Mini-Review (click to view--possible spoilers)

Review: 2020.068 (A Word for Authors)

Pro: The best part of this story is the setting, a future where humanity once occupied numerous star systems but where aliens have converted nearly the whole population into machines that isolate everyone but give them a virtual reality experience. The only survivors are the ones who were travelling near light speed at the time and therefore escaped the aliens’ notice.

Aristy gets the job of bringing a murderous dictator to justice, which is ironic because she herself killed the sleeping owners of the colony ship she herself arrived in. Also, her work of “freeing the souls” of the people the aliens transformed can also be viewed as a form of mass murder.

Con: I found the ending unsatisfying. Nothing really seems to be resolved here, unless I missed something.

Since I can’t make myself see the simulacra as human, I think I probably miss the thrust of the story. In my view, Picti is dead, and these “people” demanding he be brought to justice are dead too. I have trouble believing anyone would really make this a priority.

Aristy’s atrocity, on the other hand, was genuine mass murder. It’s hard to believe she’s been allowed to go unpunished.

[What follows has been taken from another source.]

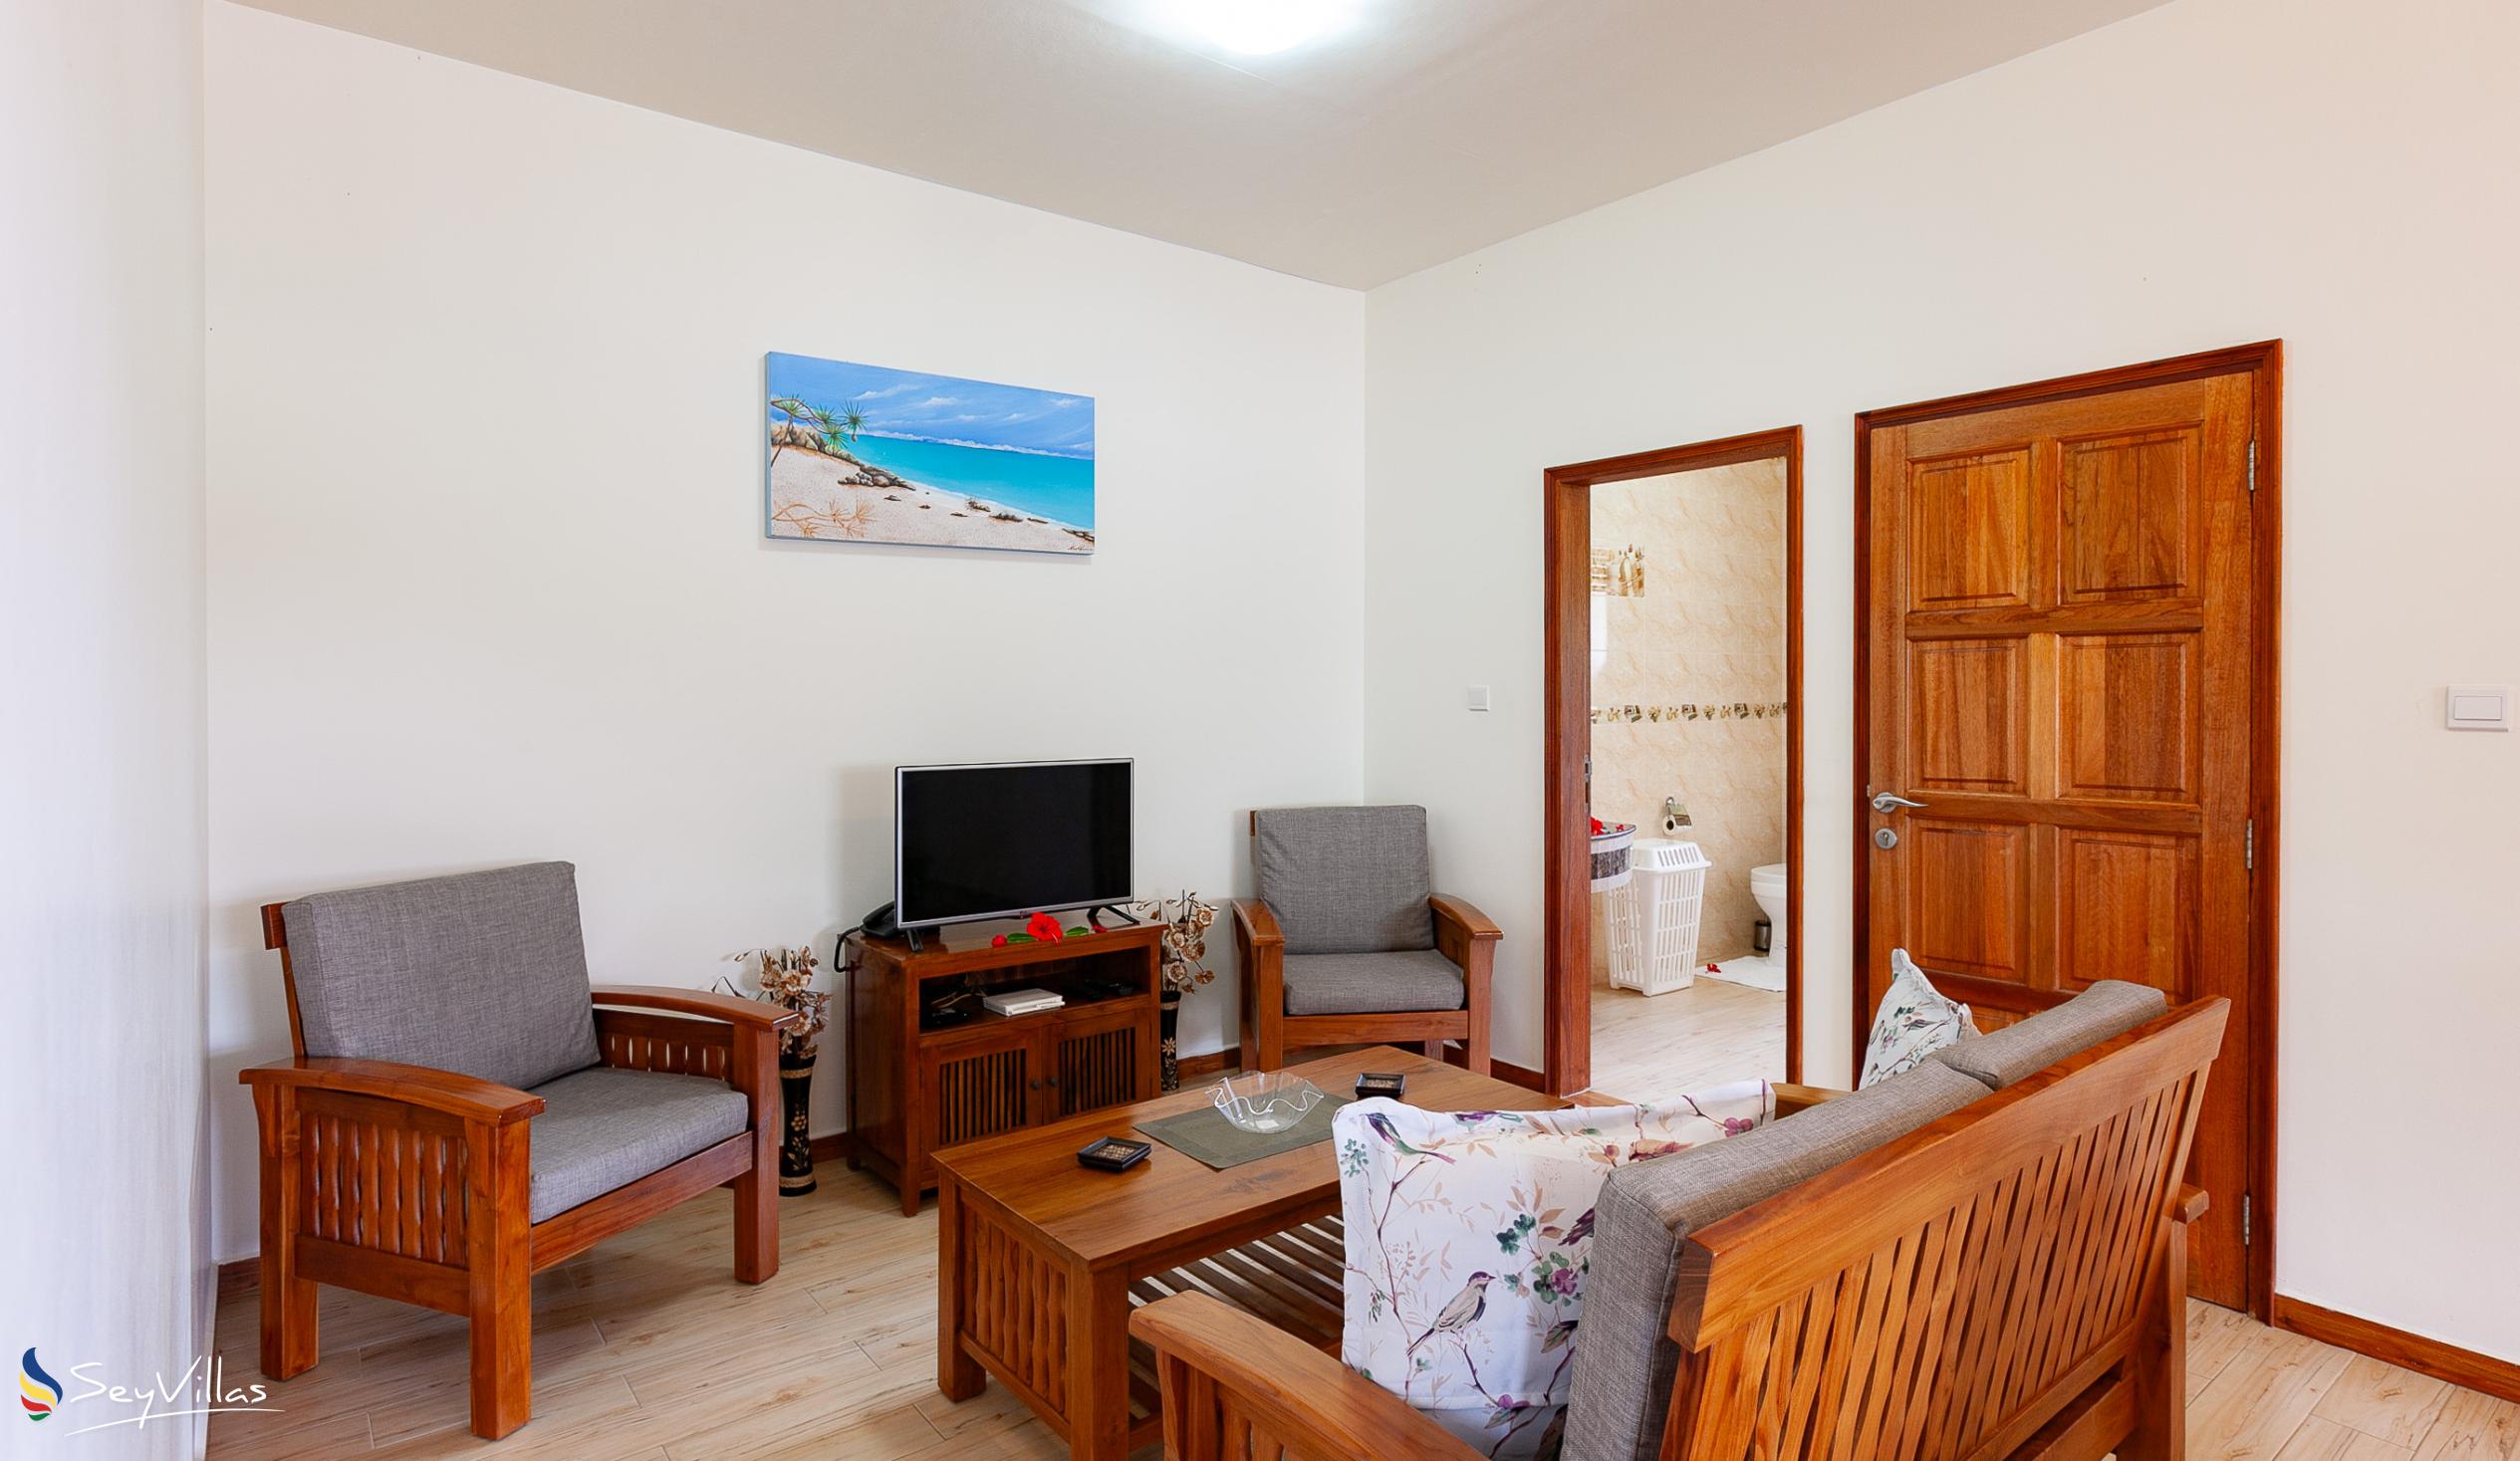 Foto 57: Seashell Beach Villa - Appartamento con 2 camere - Praslin (Seychelles)
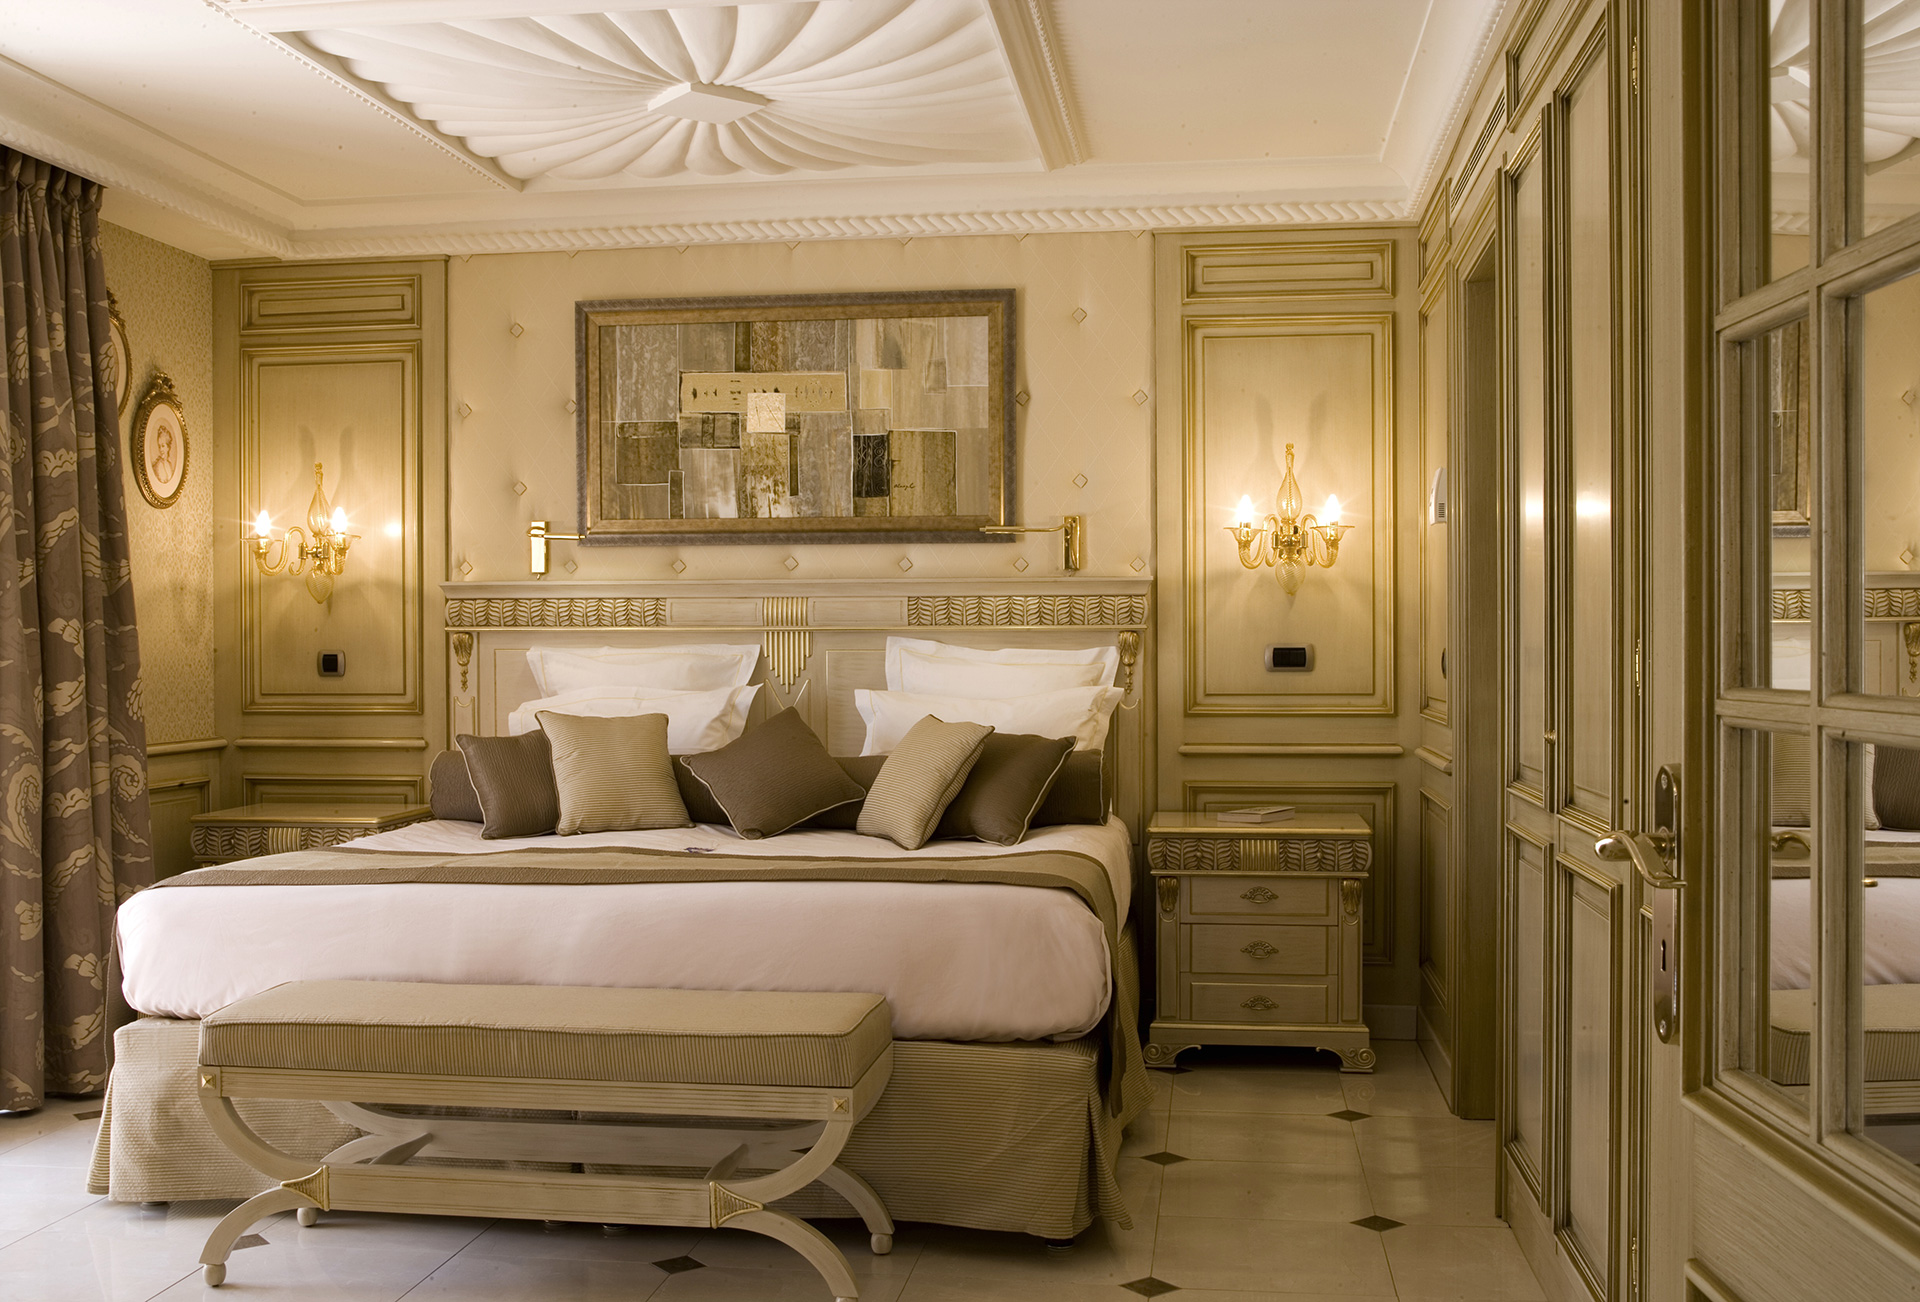 Bedroom for Club de Cavalière Hôtel & Spa 5*  by Borella Art Design

On the technical front, the premise of the story rests on a serious misunderstanding of what the word “observed” means in quantum mechanics. When they say that an entangled state is resolved when either of a pair of particles is “observed” they mean “when it interacts with anything.” Usually, the thing that “observes” a particle is another particle, typically a photon. It is unfortunate that the principle is stated in such a way that it sounds like the particles care whether an intelligent creature “observes” them, but this is not the case. Accordingly, the idea that the aliens needed to put the human race on ice to protect the universe from being observed too much is just wrong, and this destroys the premise of the story, although, admittedly, this detail never really matters to the plot of the story.